As the first Machine Learning Applied Scientist on the founding team, you'll serve as the technical backbone for our data and modeling capabilities. You'll work closely with geoscientists, investment professionals, and software engineers to architect, prototype, and deploy models that help us evaluate natural resource projects at a global scale.

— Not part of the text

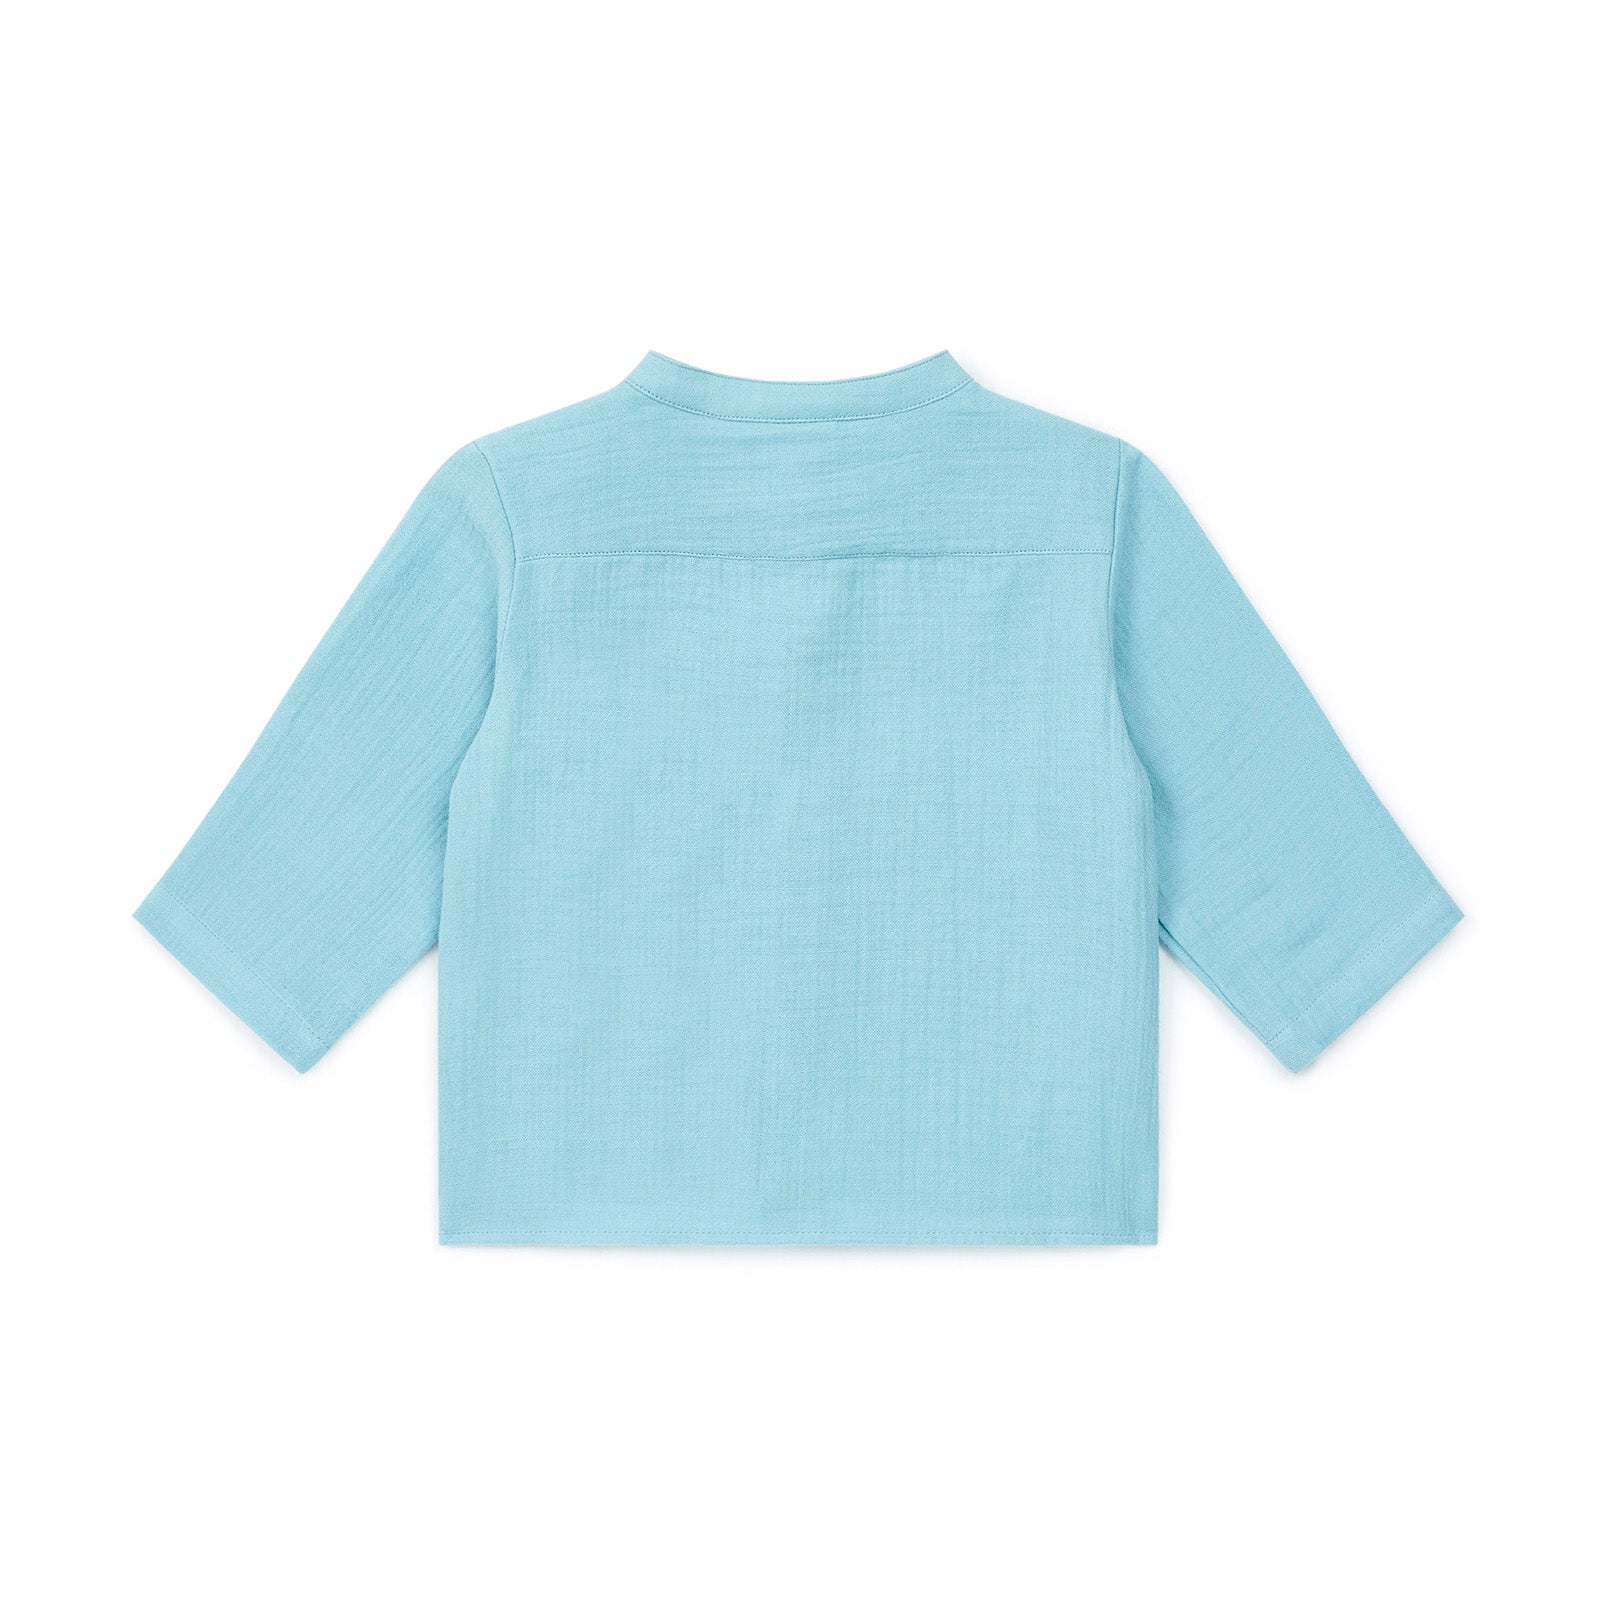 Baby Boys Blue Cotton Shirt
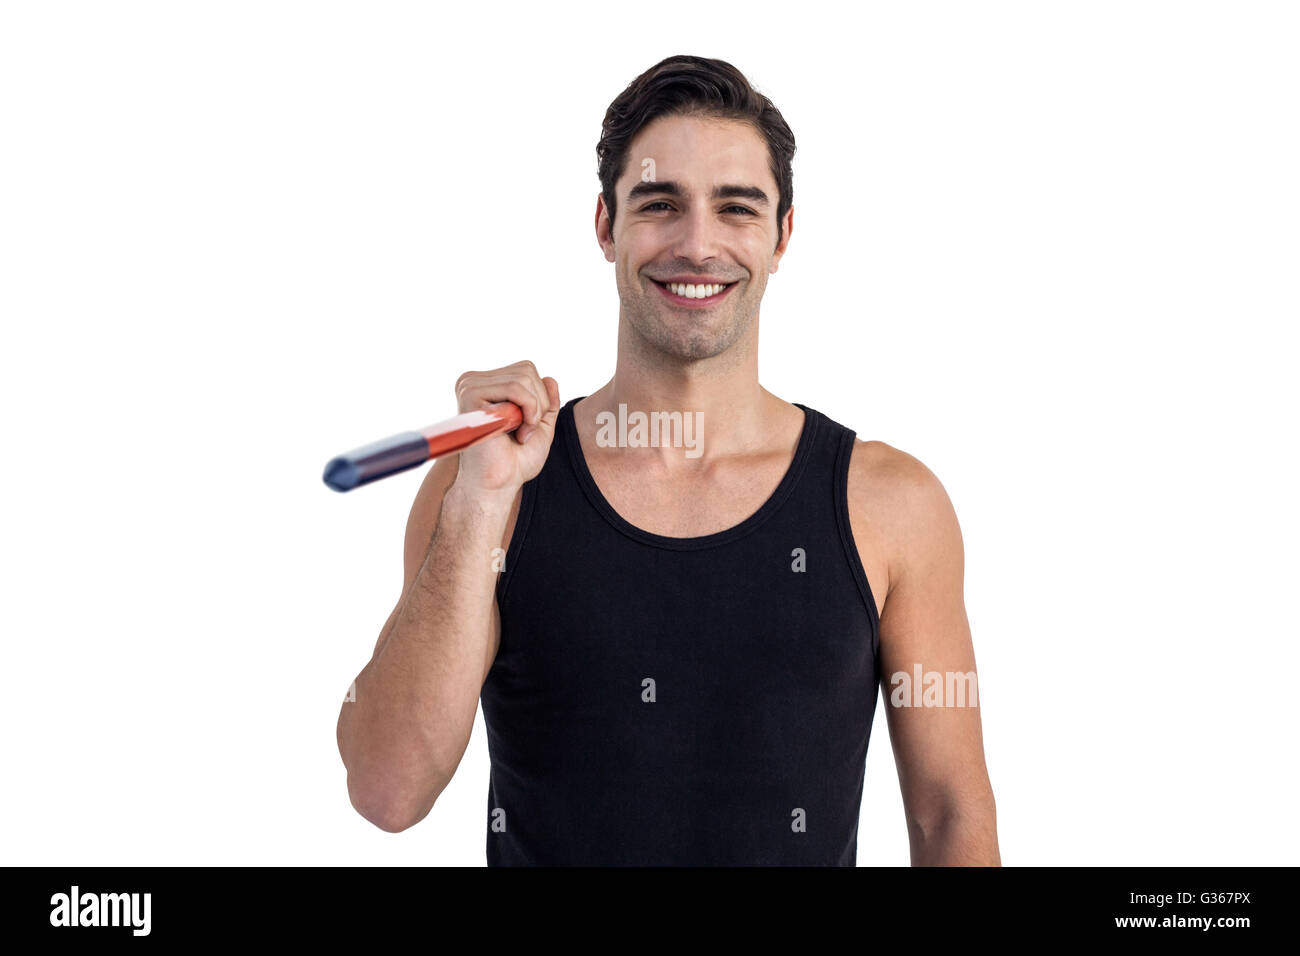 Portrait of happy male athlete holding javelin Stock Photo

This role blends frontier machine learning with practical implementation—solving high-impact real-world problems in areas ranging from remote sensing and geology to environmental sustainability and asset underwriting.

Responsibilities

Build and deploy machine learning models that power decision-making in asset evaluation, risk assessment, and project optimization

Design and own data pipelines that ingest, process, and analyze multi-modal datasets including satellite imagery, geospatial data, sensor streams, and third-party reports

Collaborate closely with geologists and investment analysts to translate raw scientific and commercial inputs into structured, predictive outputs

Develop experimental models for reserve estimation, cost forecasting, environmental impact, and other economic or scientific factors

Evaluate the feasibility of custom LLMs, agentic workflows, or reinforcement learning in support of key business goals

Lay the foundations for scalable ML infrastructure and reproducible research frameworks

Qualifications

PhD or MS in Machine Learning, Computer Science, Applied Math, Physics, or related field

3–7 years of experience in applied ML, ideally with exposure to complex unstructured data problems with geospatial analysis, simulation, remote sensing, healthcare data or industrial AI being a plus.

Experience building production-grade models using tools like Python, PyTorch, TensorFlow, XGBoost, or similar

Strong grasp of statistics, probabilistic modeling, and experimental design

Comfort working in ambiguous, fast-moving environments with limited supervision

Interest in natural resources, climate resilience, or emerging markets is a strong plus

Why Join

Be a Co-Founder : This is a rare opportunity to join at inception and build technology that shapes investment outcomes in real-world economies.

Incredible Team : You'll work alongside leaders who’ve run high-impact global orgs (World Economic Forum, Saudi PIF) and made billion-dollar discoveries in geology.

True Impact : Your models won't just live in notebooks—they’ll directly influence how capital is allocated to critical infrastructure and emerging economies.

Adventurous Mission : Work between NYC, London, and field sites across LATAM, Africa, and Central Asia, tackling problems no one else is solving.

Ownership:

The team is offering equity in the fund for this particular position.